You can read the file all at once and pass it to the process function. We have broken the file into lines here to show you the Parser's abilities.

Then run main.py to see result:

$ python3 main.py
https://www.example.com
https://www.google.com

Creating Documents

Also there's a structure called TreeDom (1). You can directly work with it and generate documents (such as HTML and XML) very easy.

A tree structure which specialy designed for HTML and XML documents. Uses Rust's Vec type in backend. The memory consumed by the TreeDom is dynamic and depends on the number of tokens stored in the tree. The allocated memory is never reduced and is only released when it is dropped.

from markupever import dom

dom = dom.TreeDom()
root: dom.Document = dom.root()

root.create_doctype("html")

html = root.create_element("html", {"lang": "en"})
body = html.create_element("body")
body.create_text("Hello Everyone ...")

print(root.serialize())
# <!DOCTYPE html><html lang="en"><body>Hello Everyone ...</body></html>

Performance

This library is designed with a strong focus on performance and speed. It's written in Rust and avoids the use of unsafe code blocks.

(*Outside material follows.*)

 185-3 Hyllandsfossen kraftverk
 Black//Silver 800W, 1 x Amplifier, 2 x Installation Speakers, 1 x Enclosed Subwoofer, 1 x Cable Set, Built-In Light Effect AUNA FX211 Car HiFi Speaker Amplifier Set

I have compared MarkupEver with BeautifulSoup and Parsel (which directly uses lxml):

Benchmarks

System

The system on which the benchmarks are done: Manjaro Linux x86_64, 8G, Intel i3-1115G4

Parsing	Min	Max	Avg
markupever	4907µs	4966µs	4927µs
markupever (exact_errors)	8920µs	9172µs	8971µs
beautifulsoup4 (html.parser)	35283µs	36460µs	35828µs
beautifulsoup4 (lxml)	22576µs	23092µs	22809µs
parsel	3937µs	4147µs	4072µs
html5lib (etree)	63214µs	63844µs	63489µs
html5lib (dom)	88111µs	90721µs	89580µs

Selecting (CSS)	Min	Max	Avg
markupever	308µs	314µs	310µs
beautifulsoup4	2936µs	3074µs	2995µs
parsel	159µs	165µs	161µs
html5lib	N/A	N/A	N/A

Serializing	Min	Max	Avg
markupever	1932µs	1973µs	1952µs
beautifulsoup4	14705µs	15021µs	14900µs
parsel	1264µs	1290µs	1276µs
html5lib	17557µs	18097µs	17831µs

Summary

The Parsel is the fastest library (Actually lxml is) and is specially designed for scraping, but it offers less control over the document. The html5lib is the slowest library and does not support selecting elements by CSS Selectors. The BeautifulSoup library's speed is also slow which provides full control over the document.

The MarkupEver sites between BeautifulSoup and Parsel library. It is extremely fast - close to Parsel, and offers full control over the document.

Memory Usage

As you know, this library is written in Rust and uses the Rust allocator. Like other libraries written in C and other low-level languages, it uses very low memory, so you don't have to worry about memory usage. Manage huge documents with ease...

License

This project is licensed under the terms of the MPL-2.0 license.